The UKGC is therefore developing its advice to the Department for Culture, Media and Sport. The commission issued the below statement:
“While the timetable for any review is a decision for the Secretary of State, the Commission considers that the earliest any such a review could start would be towards the end of this year, once we have the first full year’s data post the Gambling (Licensing and Advertising) Act 2014 and therefore a clearer picture of the immediate impacts those changes to remote gambling regulation have had on the Commission’s costs and income.”
Detailing further insight, the purpose og the discussion is to explain its approach to recovering costs through licence fees, and how current thinking on fees structure can be improved, with the implications of the 2014 Act on UKGC costs, income and therefore on the fees needed to recover those costs; and to invite comments to help the commission prepare advice to the government.
The UKGC hopes that, by providing greater transparency about the way in which governments set about determining the fees needed for full cost recovery, stakeholders will be able to feed in any suggestions or proposals for improvements at this formative stage.

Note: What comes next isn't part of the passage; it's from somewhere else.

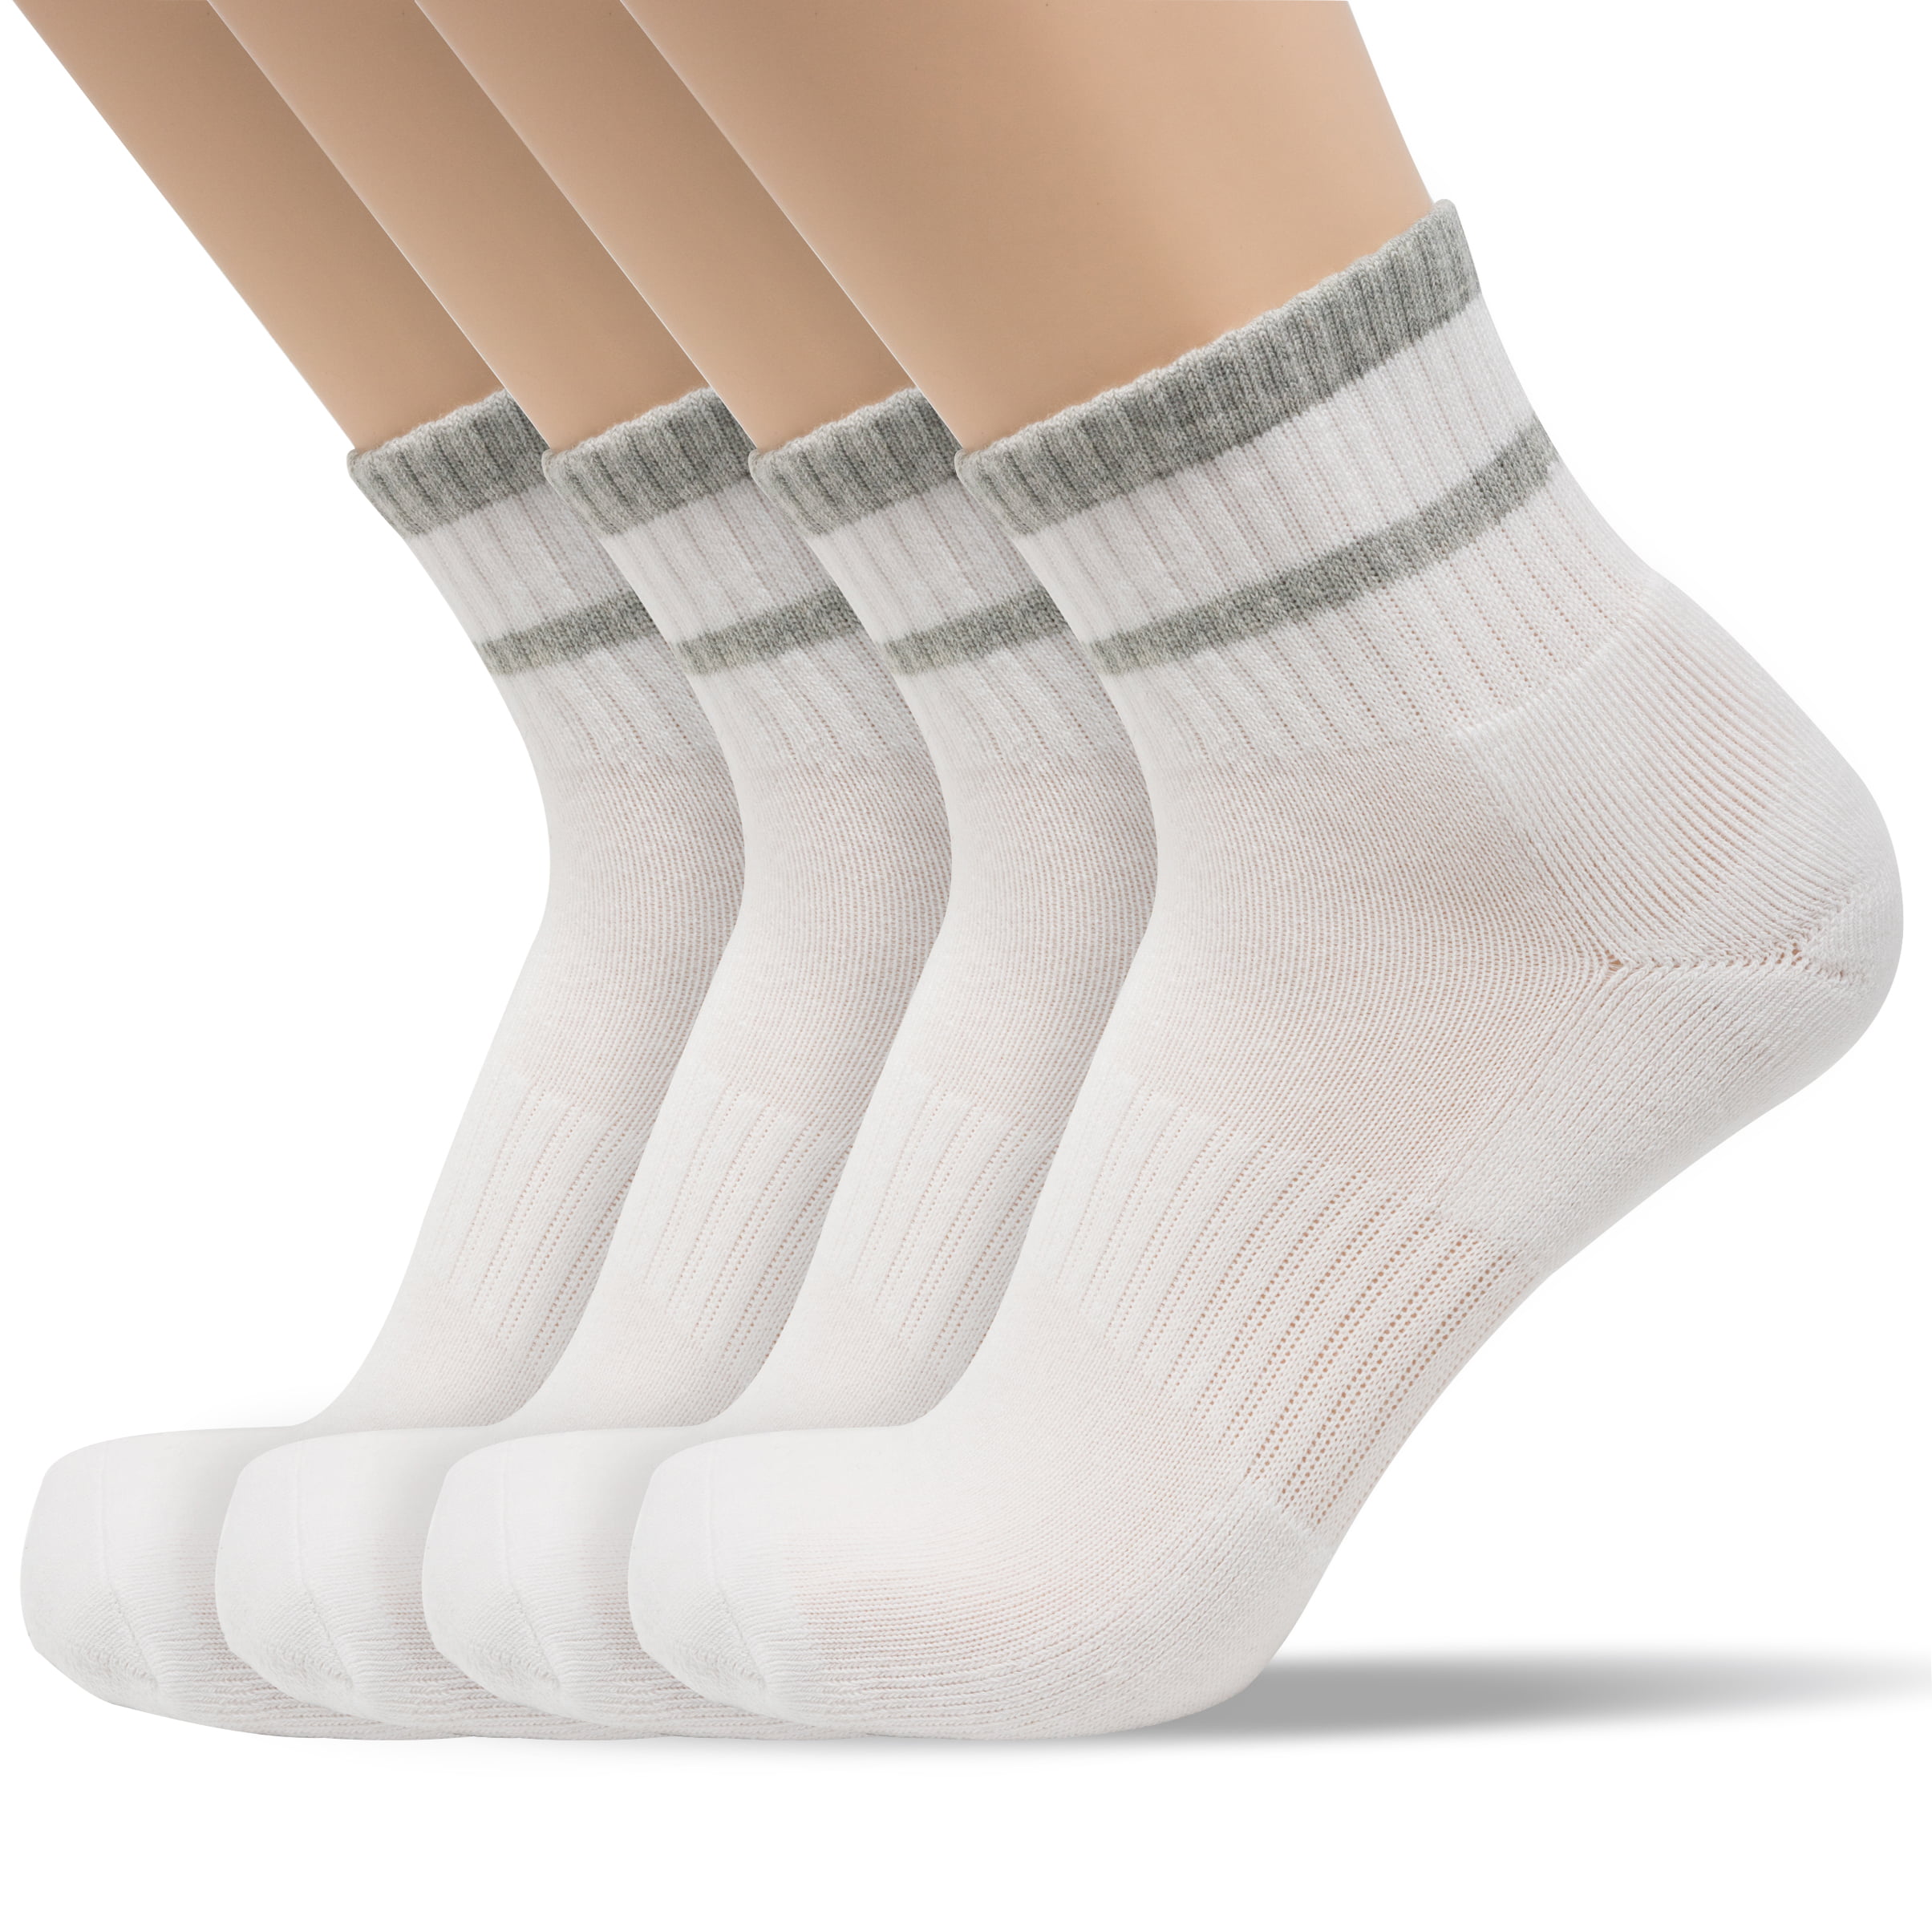 Uandi Socks Uandi Men S Performance Cotton Mid Cut Quarter Athletic Socks 4 Pack

The fee structure has come in for constant criticism from smaller operators, who feel that it unfairly penalises. For example for the LBO licensing the top threshold is 200 shops, even though there are four operators with more than 1,200 shops, making their licensing costs per shop extremely low compared to the smaller chains. Ironically it is the loss of this smaller operator base (mainly due to rising costs) along with other industry consolidation that is causing the Commission to look again at its fees structure.